Sir Frank Whittle (1907-1996, inventor of the jet engine): ALS ('Frank') to Carter, 1 page small 4to, Steepway, Broom Close, Esher, Surrey, 16 August 1957. Written on the occasion of Carter's retirement:
'At long last the job which was promised you for life has terminated.
'I have enjoyed every day of our association together and wish you every happiness for the future.'

Carter evidently retained letters he received in relation to particular events, most notably the successful first flight of the E28/39 in 1941 and his receiving a C.B.E. in the New Year's Honours and the silver medal of the Royal Aeronautical Society in 1947. Among the more significant are thirteen letters from 1941 to 1946 relating to E29/39, visits to Brockworth to see the aircraft, and the Gloster Meteor's breaking of the World Air Speed Record (November 1945). Correspondents include Roy Chadwick, William Farren, E[dward] Petter (designer at Westlands), F.R. Banks, B. Lockspeiser and H.E. Rowe of the Ministry of Aircraft Production, [Neil] Michael Daunt (test pilot - 8 November 1945 'I am glad that that day in December 1939 when you turned and said this is a designers dream, has now proved itself.'), George Bulman of Hawker Aircraft Ltd, M.C. Wilks of The Rover Company Ltd.,

Roy Chadwick (1893-1947, aircraft designer): TLS, A.V. Roe & Co, 14 May 1941, congratulating him on the 'successful test flight of the "Whittle"' ('... I am particularly glad to be able to congratulate you on being the first Aircraft Designer to produce a practical jet propelled aeroplane. ...')

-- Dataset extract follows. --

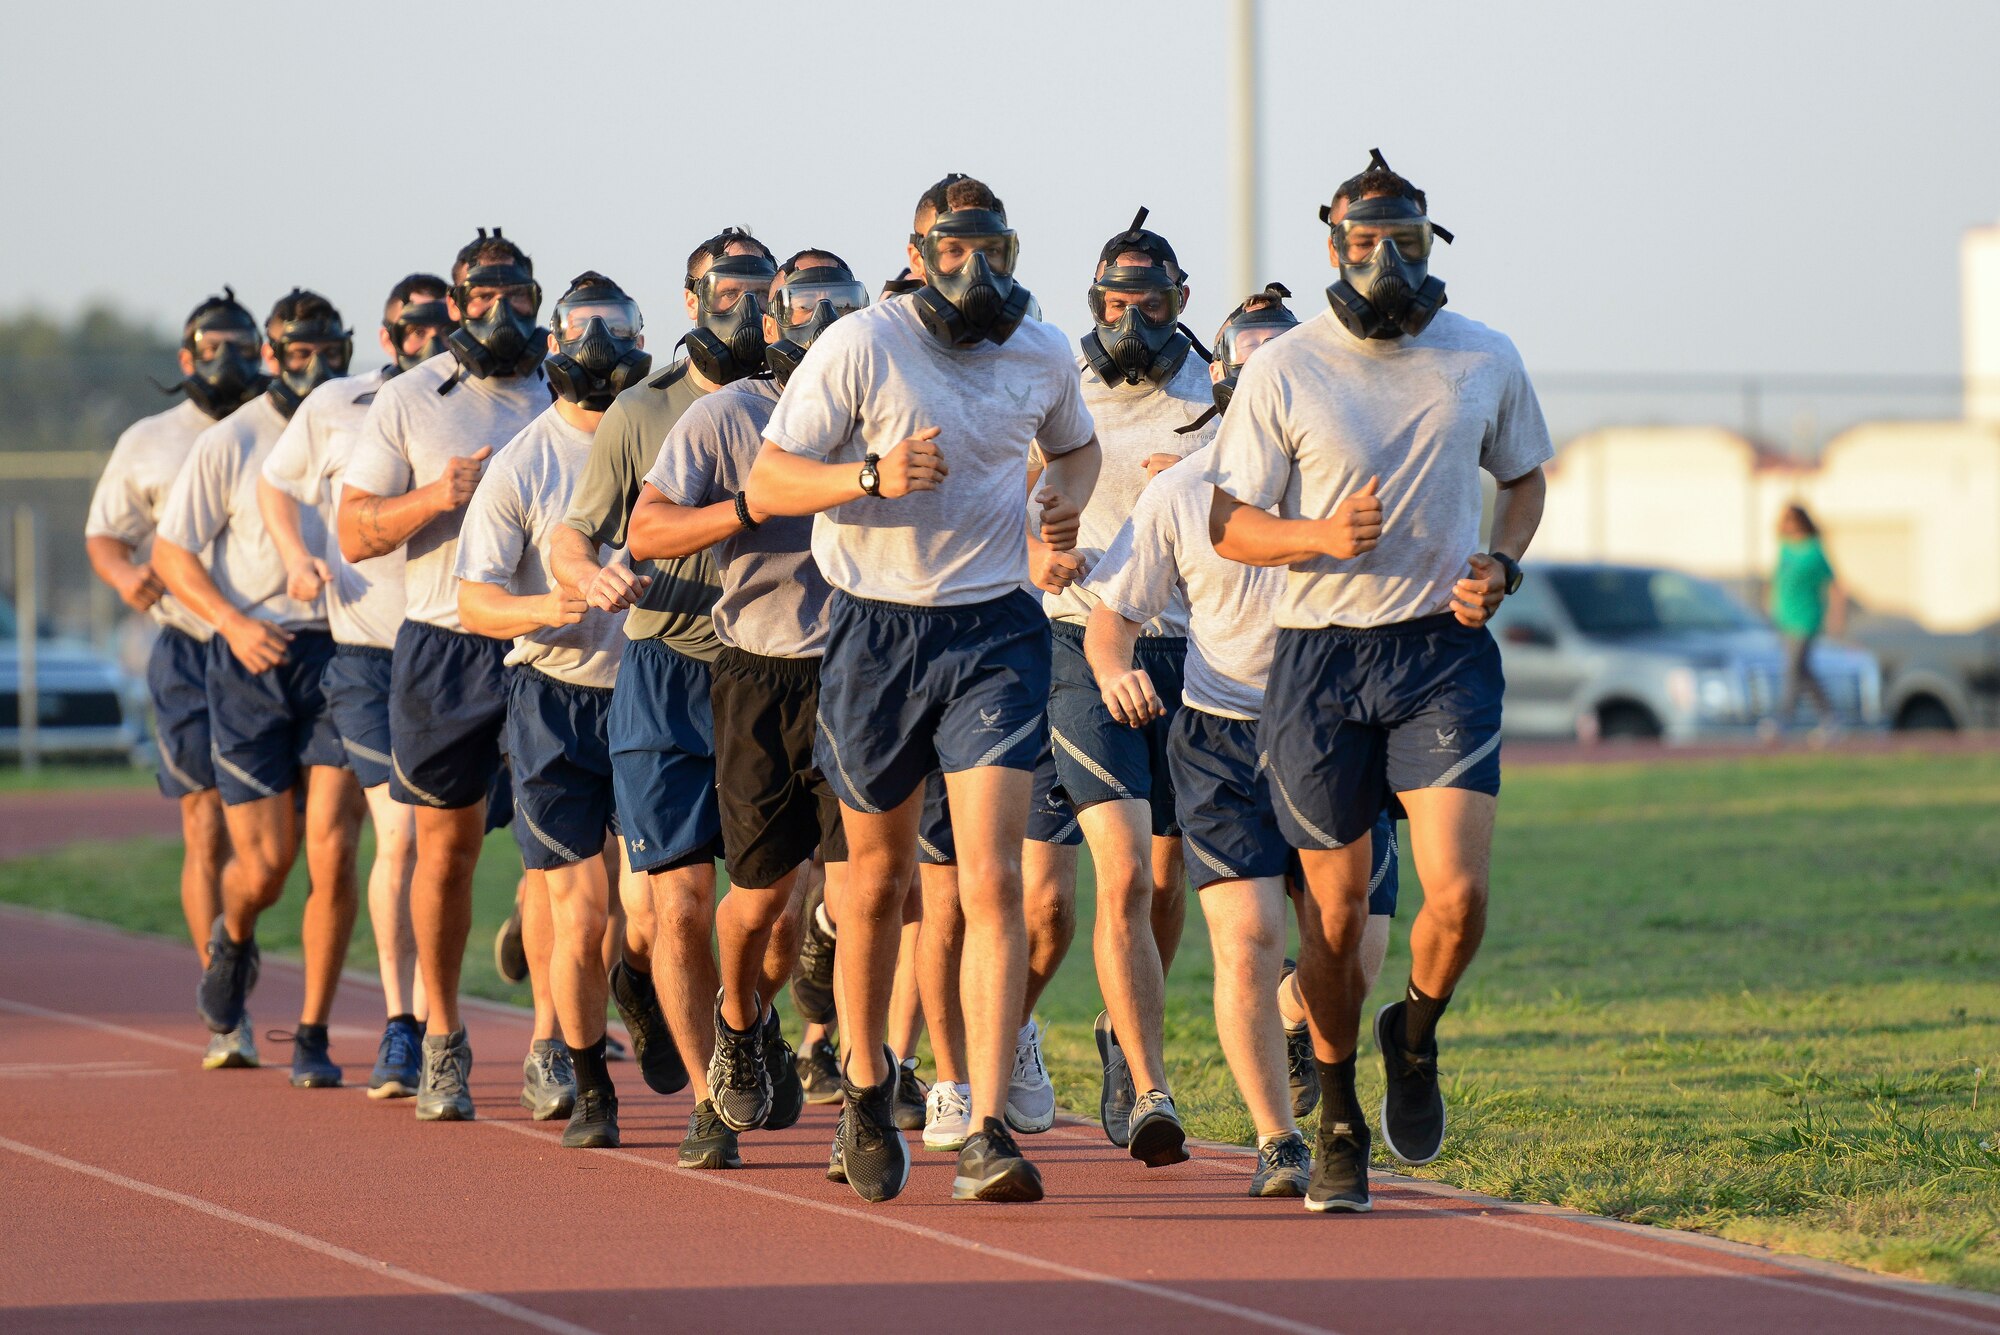 Air Education and Training Command Security Forces members wear gas masks as they preform physical exercises during AETC’s Defender Challenge team selection July 27, 2018, at Joint Base San Antonio-Randolph, Texas. Defender Challenge is a Security Forces competition that pits teams against each other in realistic weapons, dismounted operations and relay challenge events.

W[illiam] Farren (research and development chief at the Air Ministry): TLS, Ministry of Aircraft Production, 19 June 1941, expressing his confidence in Carter's ability to make a success 'of one of the most difficult tasks we have ever attempted' despite the 'arguments and differences of opinion which are necessarily part of a collaboration such as we have been engaged in', and adding that 'the success of the Gloster Whittle I is, I am sure, all the reward for which you ask, and I know that it will strengthen you to press on with the Gloster Whittle II'.)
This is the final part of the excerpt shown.